The two wizards headed for the bar and the companionship of their fellows.

****

Back home, Georgina woke from her evening nap with a Realization. When she fully understood the idea in her mind, Georgina flapped around the house in excitement.

Her friends gathered at her roost, once Georgina's excitement woke them from their own sleep. "Tell us, tell us," Osiris begged.

"She passed," Georgina cried, flapping her wings.

"Well, of course she did," Osiris answered. He started grooming himself to show how unnervous he had been.

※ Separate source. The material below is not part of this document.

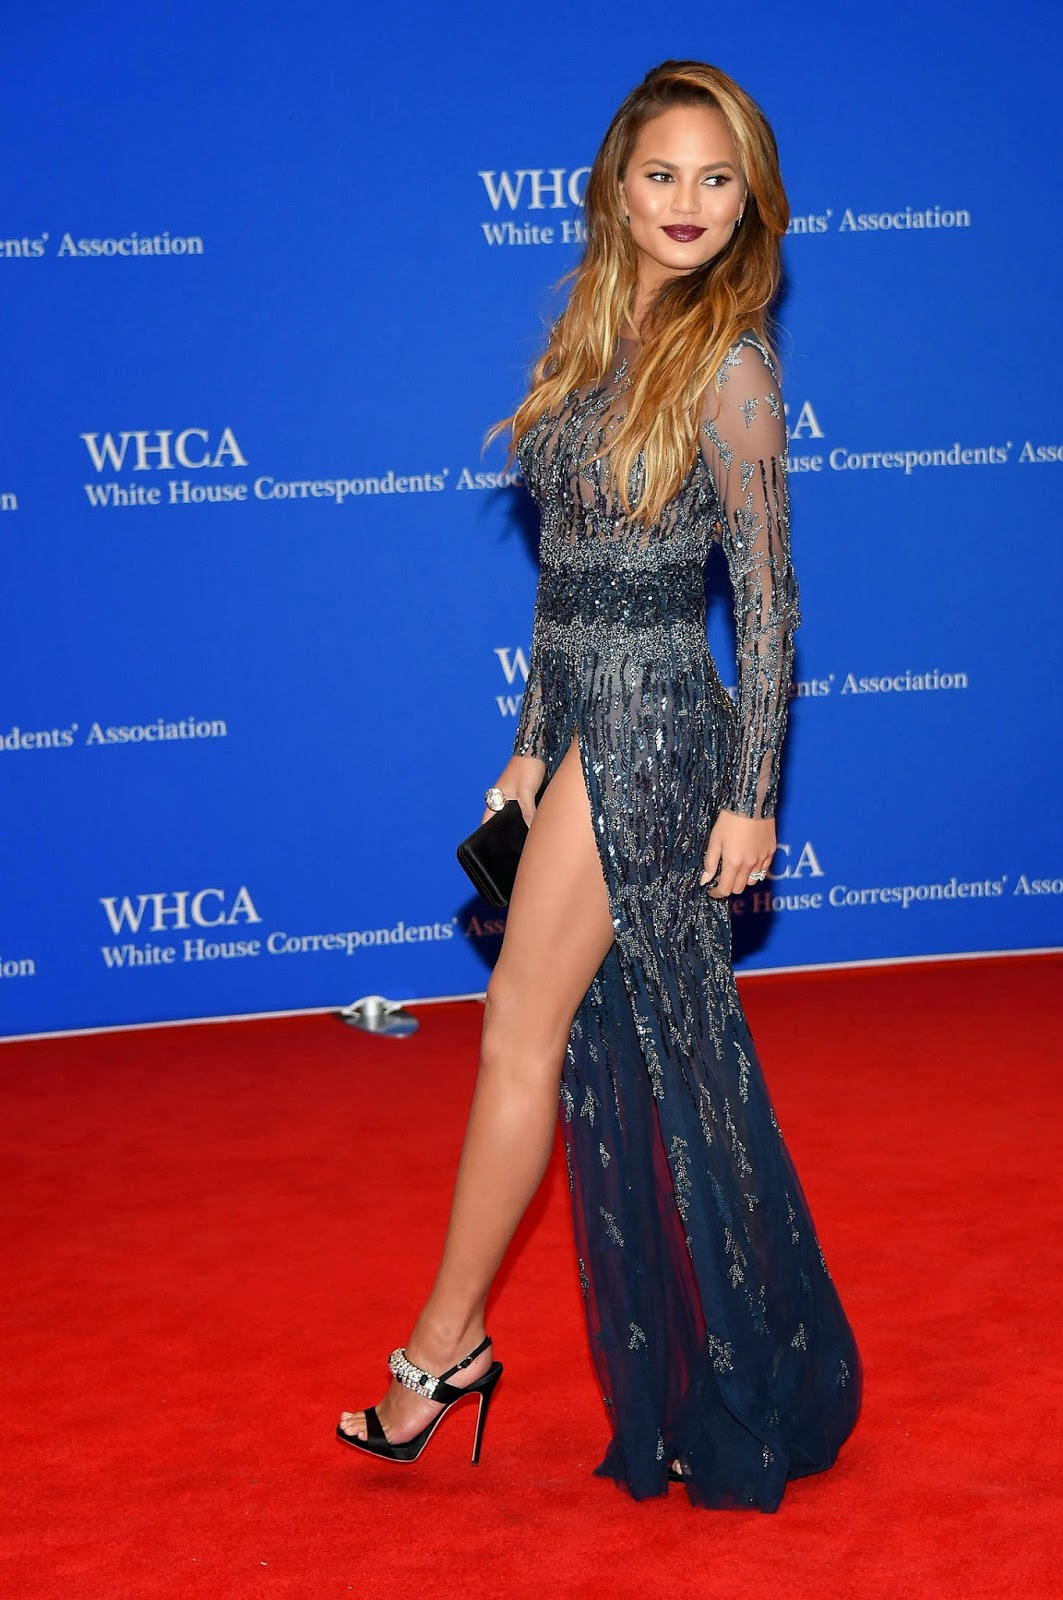 Chrissy Teigen Shows Off Legs For The 2015 White House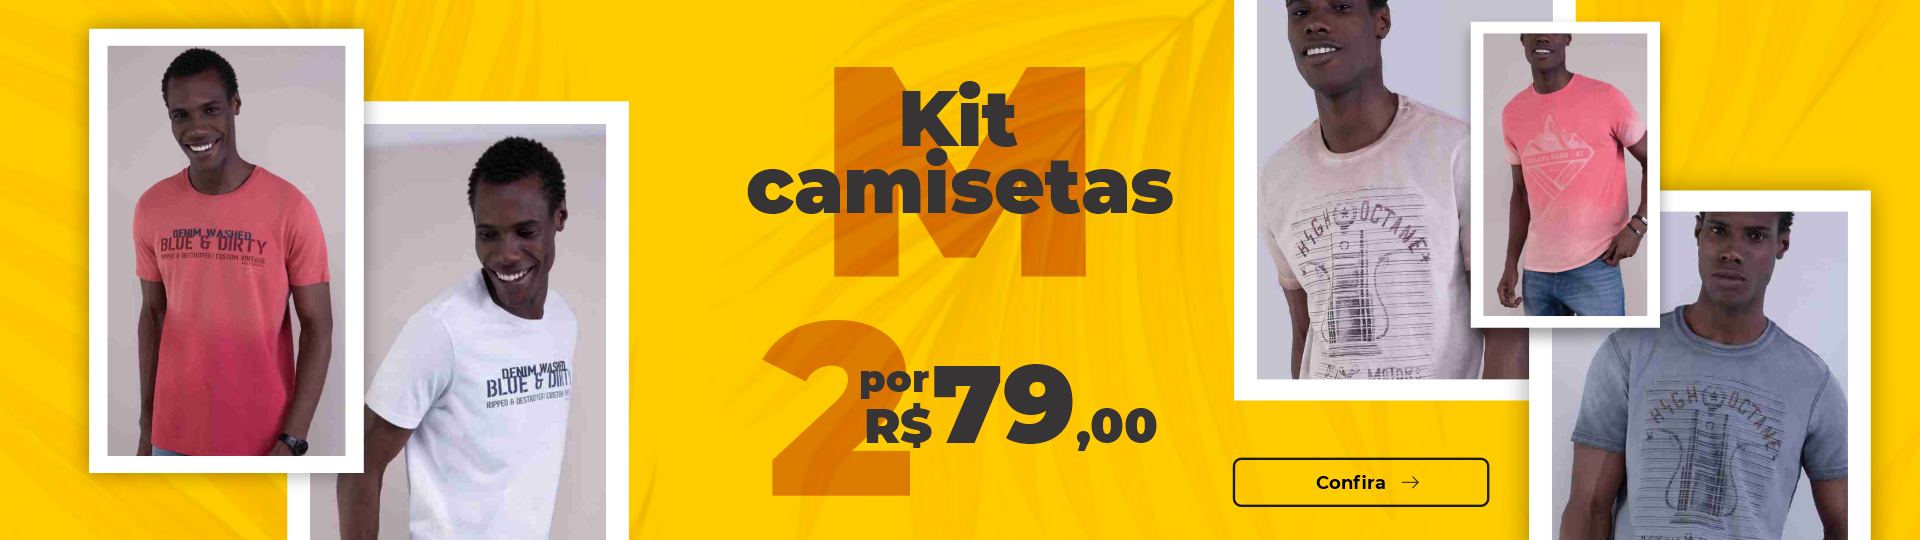 2 CAMISETAS POR 79,90

Theo snorted, and then shared a knowing look with the parrot before trotting off to find his warm bed again. "She'll be back tomorrow then?"

"Yes," the parrot answered. "But don't expect an early arrival. She and Uriah have opened a bottle." The parrot, and then the dog and the cat as their connection to their human partner caught up with the parrot's longer experience, shared the warm taste of well-aged whisky.

"Oh that's nice," Theo said. "Yeah, it'll be a late night."